If the new status shows an ALERT state, then a message to the xymond_alert(8) module is triggered. This may be a repeat of a previous alert, but xymond_alert(8) will handle that internally, and only send alert messages with the interval configured in alerts.cfg(5).

If the status goes from a not-OK state (ALERT or UNDECIDED) to OK, and there is a record of having been in a ALERT state previously, then a recovery message is triggered.

The use of the OK, ALERT and UNDECIDED states make it possible to avoid being flooded with alerts when a status flip-flops between e.g yellow and red, or green and yellow.

CHANNELS

A lot of functionality in the Xymon server is delegated to "worker modules" that are fed various events from xymond via a "channel". Programs access a channel using IPC mechanisms - specifically, shared memory and semaphores - or by using an instance of the xymond_channel(8) intermediate program. xymond_channel enables access to a channel via a simple file I/O interface.

A skeleton program for hooking into a xymond channel is provided as part of Xymon in the xymond_sample(8) program.

The following channels are provided by xymond:

status This channel is fed the contents of all incoming "status" and "summary" messages.

stachg This channel is fed information about tests that change status, i.e. the color of the status-log changes.

page This channel is fed information about tests where the color changes between an alert color and a non-alert color. It also receives information about "ack" messages.

data This channel is fed information about all "data" messages.

notes This channel is fed information about all "notes" messages.

enadis This channel is fed information about hosts or tests that are being disabled or enabled.

client This channel is fed the contents of the client messages sent by Xymon clients installed on the monitored servers.

clichg This channel is fed the contents of a host client messages, whenever a status for that host goes red, yellow or purple.

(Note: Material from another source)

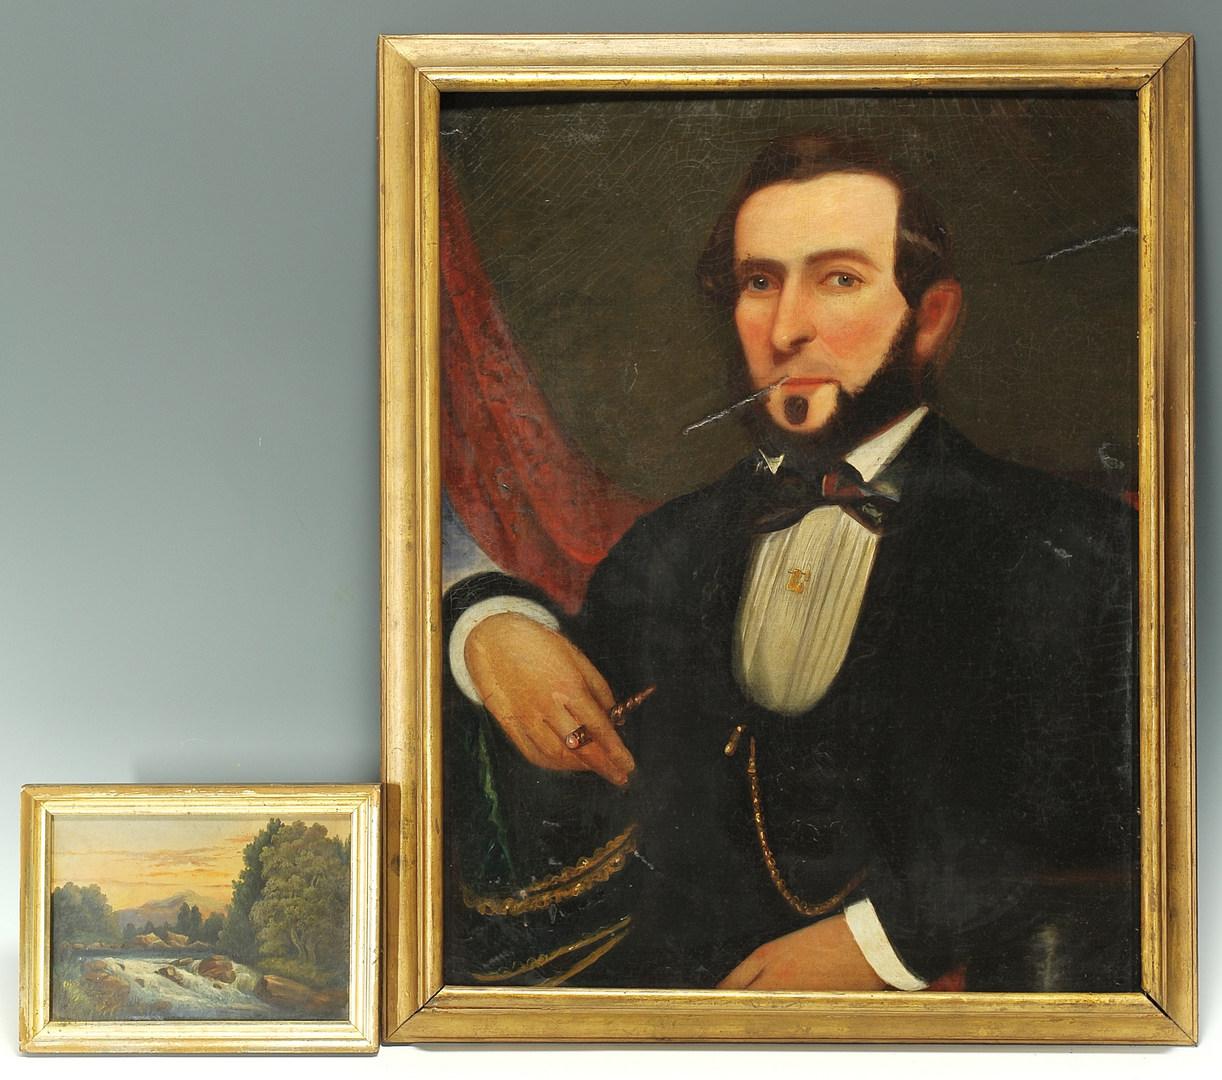 Lot 348: East TN portrait of gentleman and landscape oil

Information about the data stream passed on these channels is in the Xymon source-tree, see the "xymond/new-daemon.txt" file.

SIGNALS

SIGHUP
Re-read the hosts.cfg configuration file.

SIGUSR1
Force an immediate dump of the checkpoint file.

BUGS

Timeout of incoming connections are not strictly enforced. The check for a timeout only triggers during the normal network handling loop, so a connection that should timeout after N seconds may persist until some activity happens on another (unrelated) connection.

FILES

If ghost-handling is enabled via the "--ghosts" option, the hosts.cfg file is read to determine the names of all known hosts.